How ya' doing, Victor? I think you got fucked at the Mr. Olympia.  There's no way you should have finished out of the top six. That's serious bullshit! I'm here to tell you the fans feel you. I know you'll avenge that dishonor. I have a question concerning beans. I know you eat plenty of beans because you're Dominican. I love beans too, but I never see other bodybuilders eating them. What gives?

            Don't listen to that hater, mi-ho! Ain't nothing holding me back from my beans and rice. Beans aren't as popular here in the States. It's hard to get them at most of the commercial restaurants. If they carry them, it's usually limited to one variety. In fact, I was in Philadelphia once and I couldn't find a can of beans to save my life. I asked the grocery clerk and she looked at me like I was speaking a foreign language. I had to bounce over to the ethnic grocer's to hook up a plate.

            Beans are one of nature's power-packed morsels. For starters, they're loaded with fiber. Most of us bodybuilders don't get enough of this good stuff.  Fiber is important to keep our digestive tract clean and healthy. This is especially primo because of all the protein we consume, not to mention fiber's role in fat loss. A typical number for the average bodybuilder should be around 20 to 25 grams of fiber a day. Second, beans are also high in protein. Yeah, yeah, I've heard about beans not having the same protein amino acid chain or whatever as beef or eggs, but it's good enough if ya ask me! What more do you need?

As for fat levels, it depends on which beans you're talking about. You should know better than to eat the bean burritos at Taco Bell or from a vending machine. Kick those to the curb. Generally, I like to go with fresh beans, but canned, baked and refried are okay, too, as long as you read the labels. As a bodybuilder, you should read the labels on everything you eat. Fats, simple sugars and carbs can creep up on you from anywhere.

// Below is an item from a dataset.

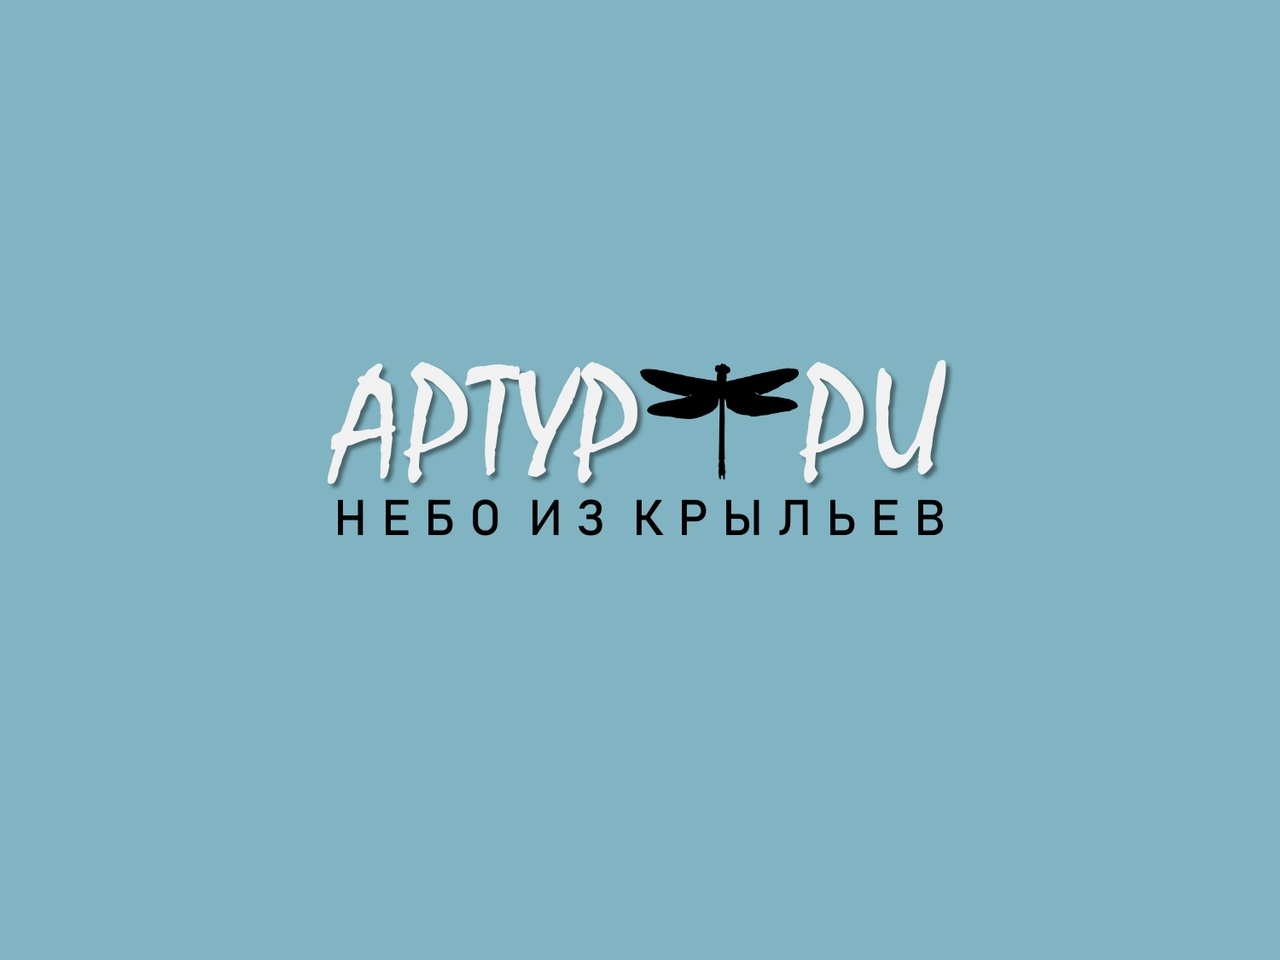 Афиша Красноярск АРТУР РИ / 13.10 / Old Future

Beans are one of the few foods that pack protein, carbohydrates and fiber into one punch. I always kick them with rice and a meat dish with plantains for a complete meal. Here are approximate protein and fiber contents for some of my favorite beans (based on one-cup servings) that I stole from my sister's cookbook:

Beans        Protein                Fiber 

Black              15g                 15g    

Pinto               14g                 15g

Lima               15g                 13g

Refried           14g                 14g

Kidney           16g                 16g

Garbanzo      14g                 12g    

 

H2OHHH

Hey, Victor! You looked dynamite at the GNC! I heard you're gunning for the Arnold Classic next. If so, you can bet I'll be in Columbus cheering you to victory. I know water's important for bodybuilding. I've been working up to a gallon a day. My buddy suggested I try vitamin-enhanced water. Is this stuff better than just plain water? I don't want to pay extra if it's just a load of crap.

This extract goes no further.